==== Data in this exercise
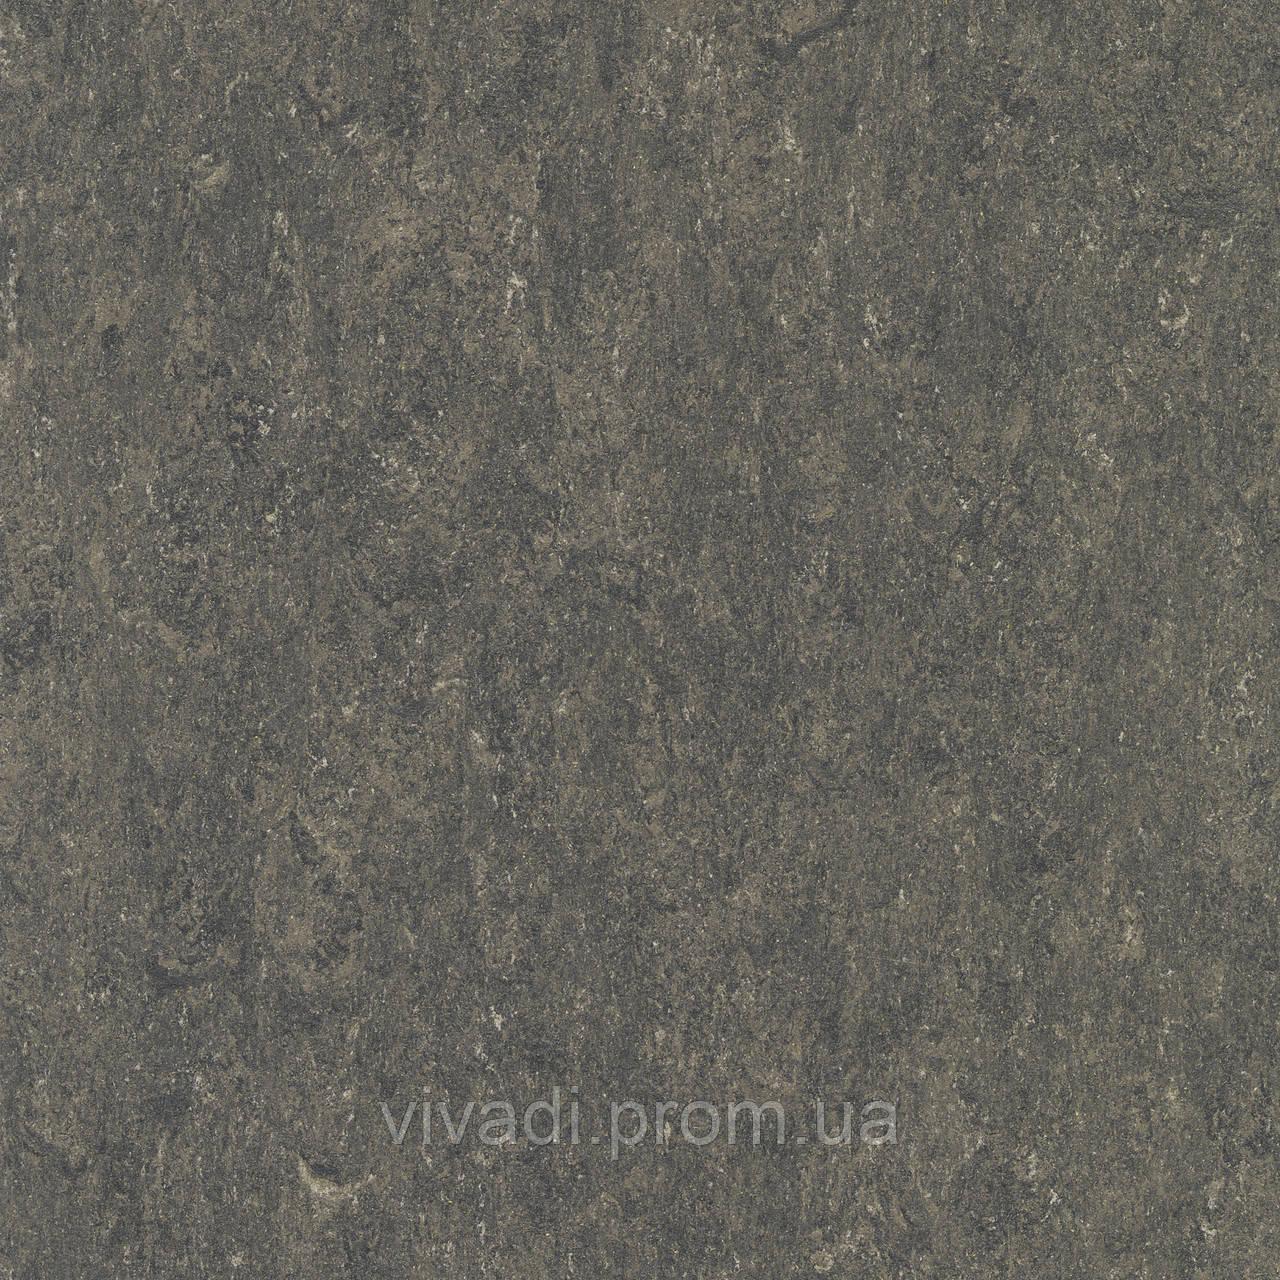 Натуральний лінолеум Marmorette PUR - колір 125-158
========
==== Data in this exercise
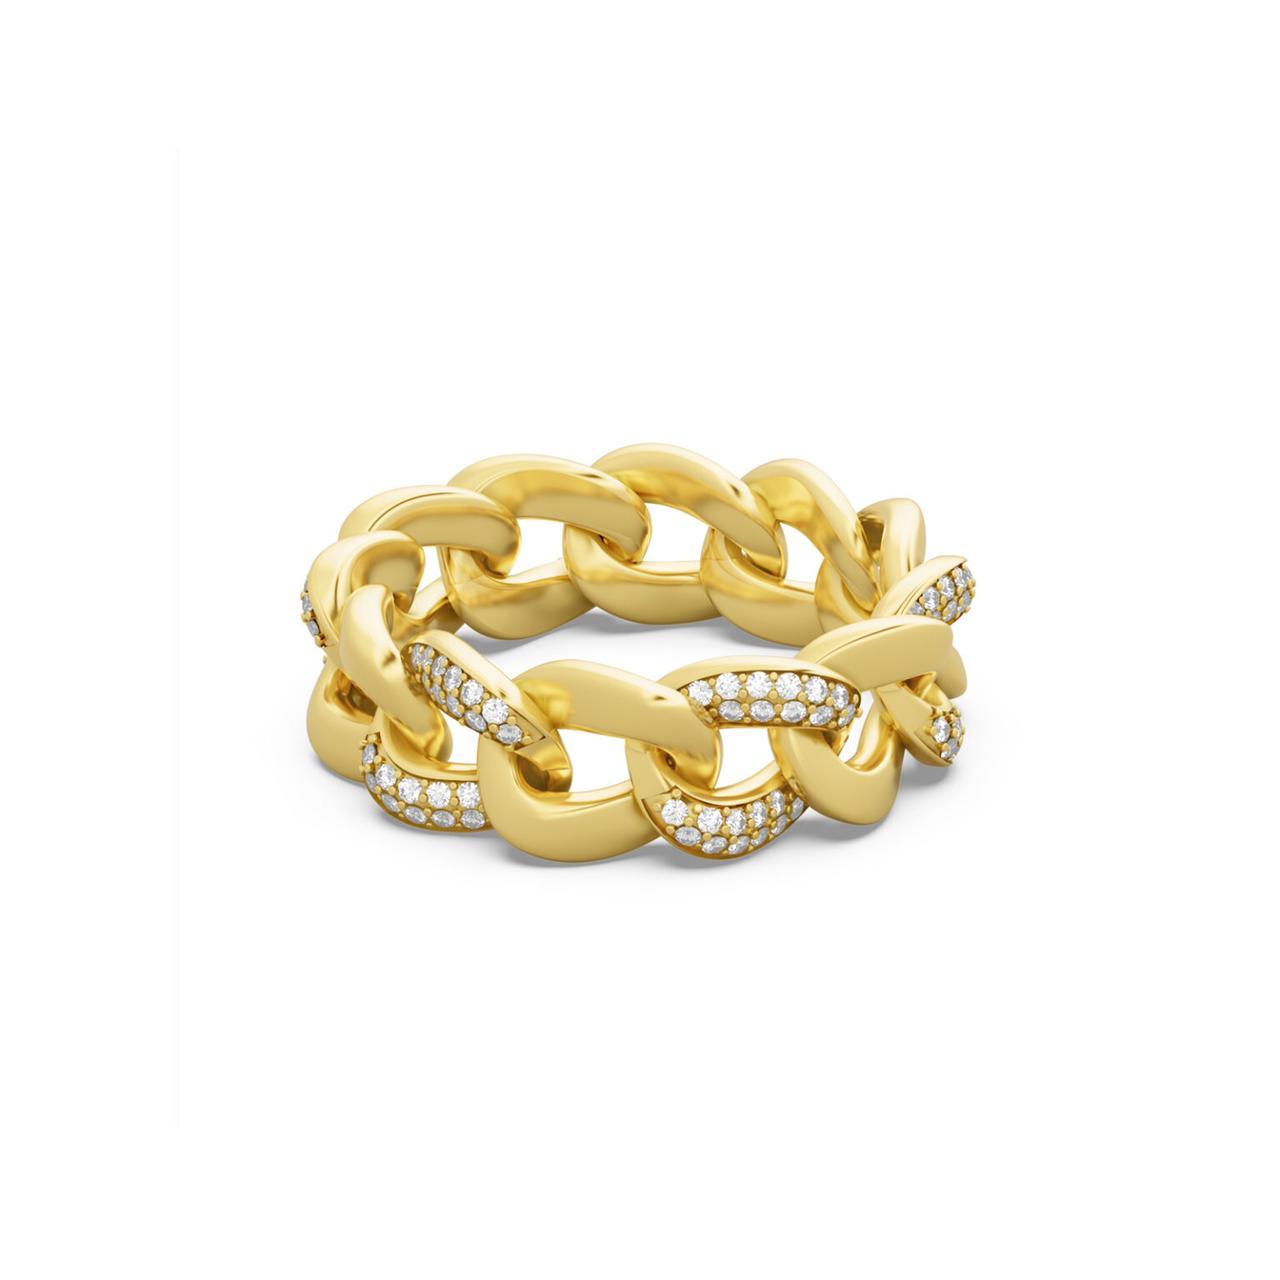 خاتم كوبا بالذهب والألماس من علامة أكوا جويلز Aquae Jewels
========
==== Data in this exercise
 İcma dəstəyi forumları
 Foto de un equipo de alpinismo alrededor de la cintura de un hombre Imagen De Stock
========
**Exercise directions**: Within the material above, output exactly the lines from the one with "İcma dəstəyi forumları" through the one with "Foto de un equipo", end lines included, and nothing besides.

**Task output**:
 İcma dəstəyi forumları
 Foto de un equipo de alpinismo alrededor de la cintura de un hombre Imagen De Stock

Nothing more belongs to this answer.